Gaby stood at the foot of the stairs and called upwards, ‘Taylor!’
There was no reply, but there was the sound of music, or of a steady beat at least, slightly muffled by a closed door. Gaby kicked her shoes off under the console table where her zebra slippers waited, slipped her feet into them, hobbled a step, stooped, took one slipper off and extracted a red Lego brick from the toe, put her foot back in and began to climb the stairs. She held the bannister, hauling herself up as if she was very tired or very old, until she came to the wide first-floor landing. All the doors were shut and there was the blue knitted elephant that Liam had loved as a small boy on the rucked-up modern rug in the centre of the floor. Gaby picked it up and looked at it. It was missing one eye and someone had clamped a plastic clothes peg to its tail.
‘Taylor!’ Gaby shouted again.
From behind the furthest door came the thump of music. Taylor shouted something inaudible back. Clutching the elephant, Gaby shuffled down the landing and opened Taylor’s bedroom door.
‘Why can’t you use earphones,’ she yelled, ‘like everyone else?’
There was an abrupt silence. Taylor was lying on her bed. She didn’t move. ‘I didn’t think there was anyone in but me,’ she said. ‘Why’re you holding Heffalump?’
Gaby looked at the elephant in her hand. ‘I met him on the landing. He was just lying there, poor thing. Why has he got a clothes peg on his tail?’
Taylor sat up slowly. ‘Ask Liam.’
‘They’re at rugby.’
Taylor yawned. ‘Liam was so excited,’ she said. ‘They’ll have to play with floodlights.’
Gaby said, ‘Have you had supper?’
‘Not hungry.’
‘Please don’t tell me you’ve eaten three bags of crisps.’
Taylor pulled off the band hold
ing back her hair and shook it out. She said, ‘If I had, I wouldn’t tell you.’
‘What would you like to tell me?’
‘Nothing,’ Taylor said.
‘Nothing about your day or what Miss Dixon said about your history project, or what you had for lunch or whether you have made up with Flossie?’
Taylor sighed. She got up from her bed very slowly. ‘I haven’t,’ she said.
‘Have you tried?’
‘I don’t want to try. She put a photo of me on Snapchat I’d asked her to delete. It wasn’t a rude one. I just looked really, really rubbish.’
Gaby propped herself against the door frame. She tucked Heffalump against her, as if he was a small, knitted baby. She said, ‘I’ve had, basically, the same three best friends for over twenty-five years. Do you think Flossie might be a friend like that?’
‘No,’ Taylor said.
‘Because of who she is?’
‘Because,’ Taylor said with emphasis, ‘I don’t want friends.’
‘Ah.’
‘What’s that supposed to mean?’
‘It means,’ Gaby said, ‘that you don’t want supper and you don’t want friends and you don’t want to answer civil questions about your school day from your mother, so why is she wasting her time on you?’

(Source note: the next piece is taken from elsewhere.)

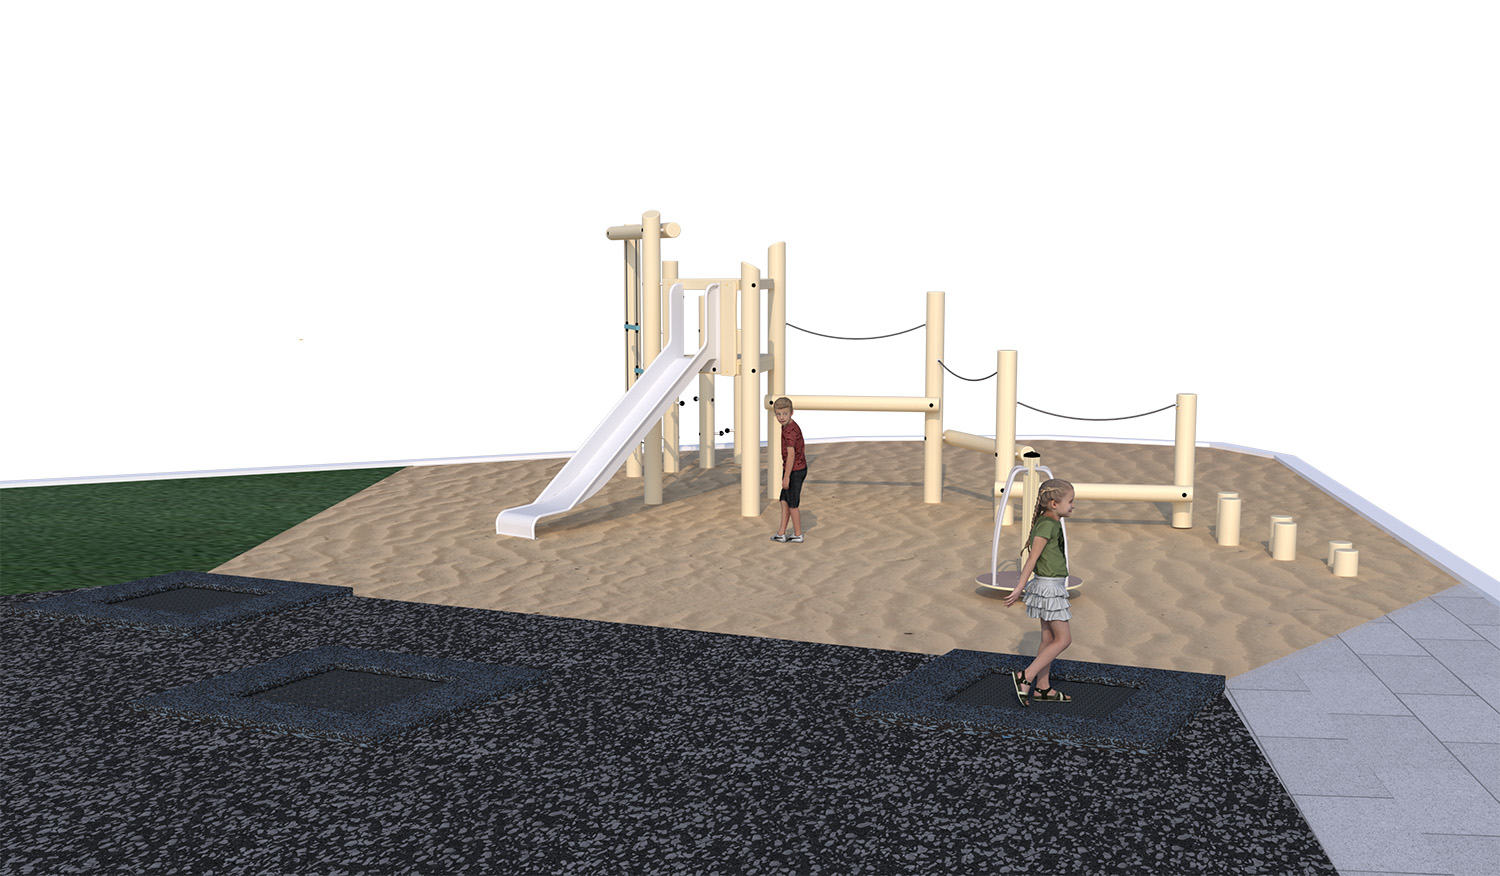 проект обустройства детской площадки проектирование дворовых пространств

Taylor bent to pick up her headphones off her bed. ‘Steve rang.’
‘Who?’
‘Steve. Steve Grant. Stacey’s Steve.’
Gaby pushed herself upright. ‘When? When did he ring?’

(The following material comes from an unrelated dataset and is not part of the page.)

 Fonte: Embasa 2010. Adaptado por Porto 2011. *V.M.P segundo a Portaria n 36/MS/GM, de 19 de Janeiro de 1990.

‘I dunno,’ Taylor said. ‘Maybe an hour ago. I didn’t look. I left you a note in the kitchen.’
‘Taylor,’ Gaby said, ‘what did he want?’
Taylor shrugged. ‘To talk to you.’
‘And what did you say?’
‘I said you would be back by seven.’
‘I wonder why he didn’t ring my mobile?’
Despite herself, Taylor looked suddenly more engaged. ‘Maybe he was ringing from his office landline. Maybe he didn’t want the call traced on his mobile.’
Gaby looked at her daughter. ‘Good thinking. Something about Stacey. Something he didn’t want Stacey to know about.’ She stopped, and then she said, in a different tone, ‘Friendship isn’t easy. Is it?’